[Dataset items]
--------------------

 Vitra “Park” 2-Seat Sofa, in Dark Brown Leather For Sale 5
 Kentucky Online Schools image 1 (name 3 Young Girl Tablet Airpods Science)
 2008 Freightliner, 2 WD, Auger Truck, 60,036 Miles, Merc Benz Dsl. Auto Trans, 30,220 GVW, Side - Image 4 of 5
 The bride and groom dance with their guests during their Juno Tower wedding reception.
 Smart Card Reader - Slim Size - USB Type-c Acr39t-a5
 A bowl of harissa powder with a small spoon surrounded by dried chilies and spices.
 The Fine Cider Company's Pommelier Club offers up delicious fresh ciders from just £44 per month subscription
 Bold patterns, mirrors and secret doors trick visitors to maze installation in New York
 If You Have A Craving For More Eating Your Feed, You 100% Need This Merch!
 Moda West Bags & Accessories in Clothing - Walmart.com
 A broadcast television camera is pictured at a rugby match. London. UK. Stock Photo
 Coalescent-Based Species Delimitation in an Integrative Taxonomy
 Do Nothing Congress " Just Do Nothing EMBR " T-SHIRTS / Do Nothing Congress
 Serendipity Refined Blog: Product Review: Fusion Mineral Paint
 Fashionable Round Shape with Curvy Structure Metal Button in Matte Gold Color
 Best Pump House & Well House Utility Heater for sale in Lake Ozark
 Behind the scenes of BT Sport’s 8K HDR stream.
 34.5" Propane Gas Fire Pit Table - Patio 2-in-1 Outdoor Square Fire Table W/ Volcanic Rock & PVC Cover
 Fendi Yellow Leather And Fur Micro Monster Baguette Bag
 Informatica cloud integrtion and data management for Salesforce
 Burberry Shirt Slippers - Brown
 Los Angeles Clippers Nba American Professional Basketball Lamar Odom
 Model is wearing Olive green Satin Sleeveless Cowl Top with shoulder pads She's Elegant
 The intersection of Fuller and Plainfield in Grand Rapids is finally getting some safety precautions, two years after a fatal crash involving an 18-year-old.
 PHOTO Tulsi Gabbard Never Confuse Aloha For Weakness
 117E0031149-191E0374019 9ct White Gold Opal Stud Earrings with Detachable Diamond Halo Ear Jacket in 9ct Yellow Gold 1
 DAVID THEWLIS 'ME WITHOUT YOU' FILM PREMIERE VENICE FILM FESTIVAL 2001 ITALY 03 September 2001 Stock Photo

--------------------

Task to carry out:
Nothing but the lines above from the one containing "Best Pump House" through the one containing "117E0031149-191E0374019 9ct White" should appear in the answer, each repeated exactly.

Answer for this exercise:
 Best Pump House & Well House Utility Heater for sale in Lake Ozark
 Behind the scenes of BT Sport’s 8K HDR stream.
 34.5" Propane Gas Fire Pit Table - Patio 2-in-1 Outdoor Square Fire Table W/ Volcanic Rock & PVC Cover
 Fendi Yellow Leather And Fur Micro Monster Baguette Bag
 Informatica cloud integrtion and data management for Salesforce
 Burberry Shirt Slippers - Brown
 Los Angeles Clippers Nba American Professional Basketball Lamar Odom
 Model is wearing Olive green Satin Sleeveless Cowl Top with shoulder pads She's Elegant
 The intersection of Fuller and Plainfield in Grand Rapids is finally getting some safety precautions, two years after a fatal crash involving an 18-year-old.
 PHOTO Tulsi Gabbard Never Confuse Aloha For Weakness
 117E0031149-191E0374019 9ct White Gold Opal Stud Earrings with Detachable Diamond Halo Ear Jacket in 9ct Yellow Gold 1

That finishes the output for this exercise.